APS-1 commonly results from biallelic AIRE mutations but large deletions or non-coding gene variants and non-AIRE gene variations have also been reported.⁴ A non-sense mutation in exon 6 (R257X) and a 13 base-pair (bp) deletion (967_979del13 bp) in exon 8 are the two most common mutations found in >95% of cases.⁵ While a common 13 bp deletion in exon 8 (967_979 del 13bp) was noted in the present patient, a novel heterogeneous non-sense mutation resulting from C to T point mutation at nucleotide 1045 in exon 9 of AIRE gene(c.1045C>T) was also detected and a premature truncation of the protein at codon 349 was predicted. At the protein level, this mutation is denoted as p.Gln349Ter. The p.Gln349Ter variant has not been reported in 1000 genomes databases and has a minor allele frequency of 0.0006% in the Genome Aggregation Database.

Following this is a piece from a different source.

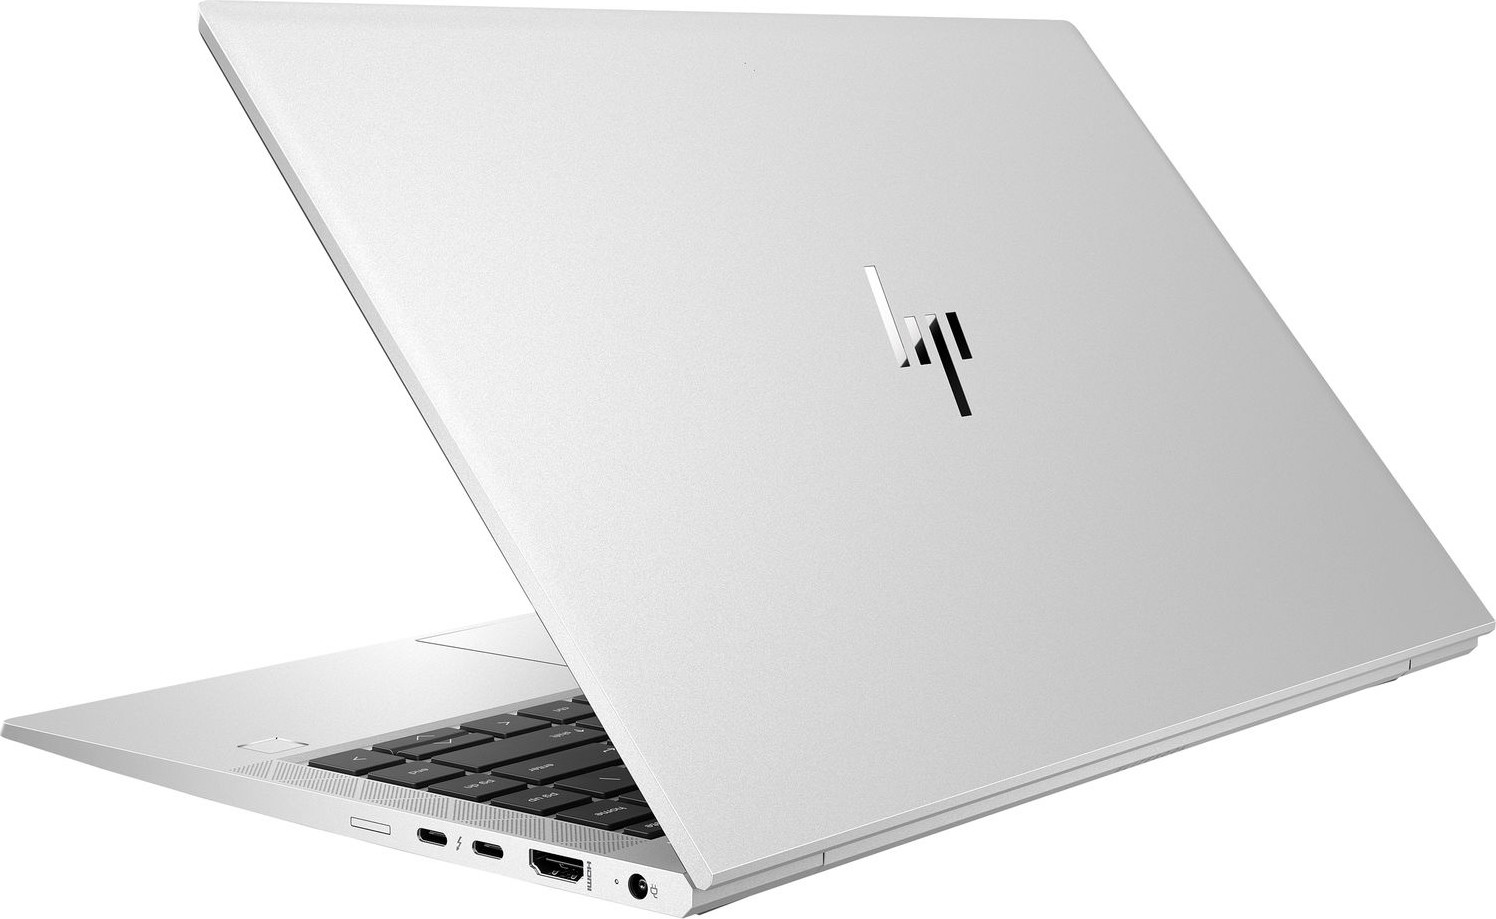 Ноутбук HP EliteBook 840 G7 Intel Core i5-10210U 1.6GHz,14" FHD (1920x1080) IPS 400cd IR ALS AG,8Gb DDR4-2666MHz(1),256Gb SSD NVMe,Al Case,53Wh,FPS,Kbd Backlit,1.33kg,Silver,3yw,Win10Pro-39366

By Mutation Taster 2, the in-silico prediction of the variant was found to be damaging. Based on these evidences, this novel AIRE variation was classified as a pathogenic variant.

The diagnosis of APS-1 needs a high index of suspicion. In patients with incomplete or unusual presentations, sequencing analysis of AIRE can be utilised as a useful screening method. Also, variations in genotype mutation as observed in the present patient, can affect the resultant phenotypes.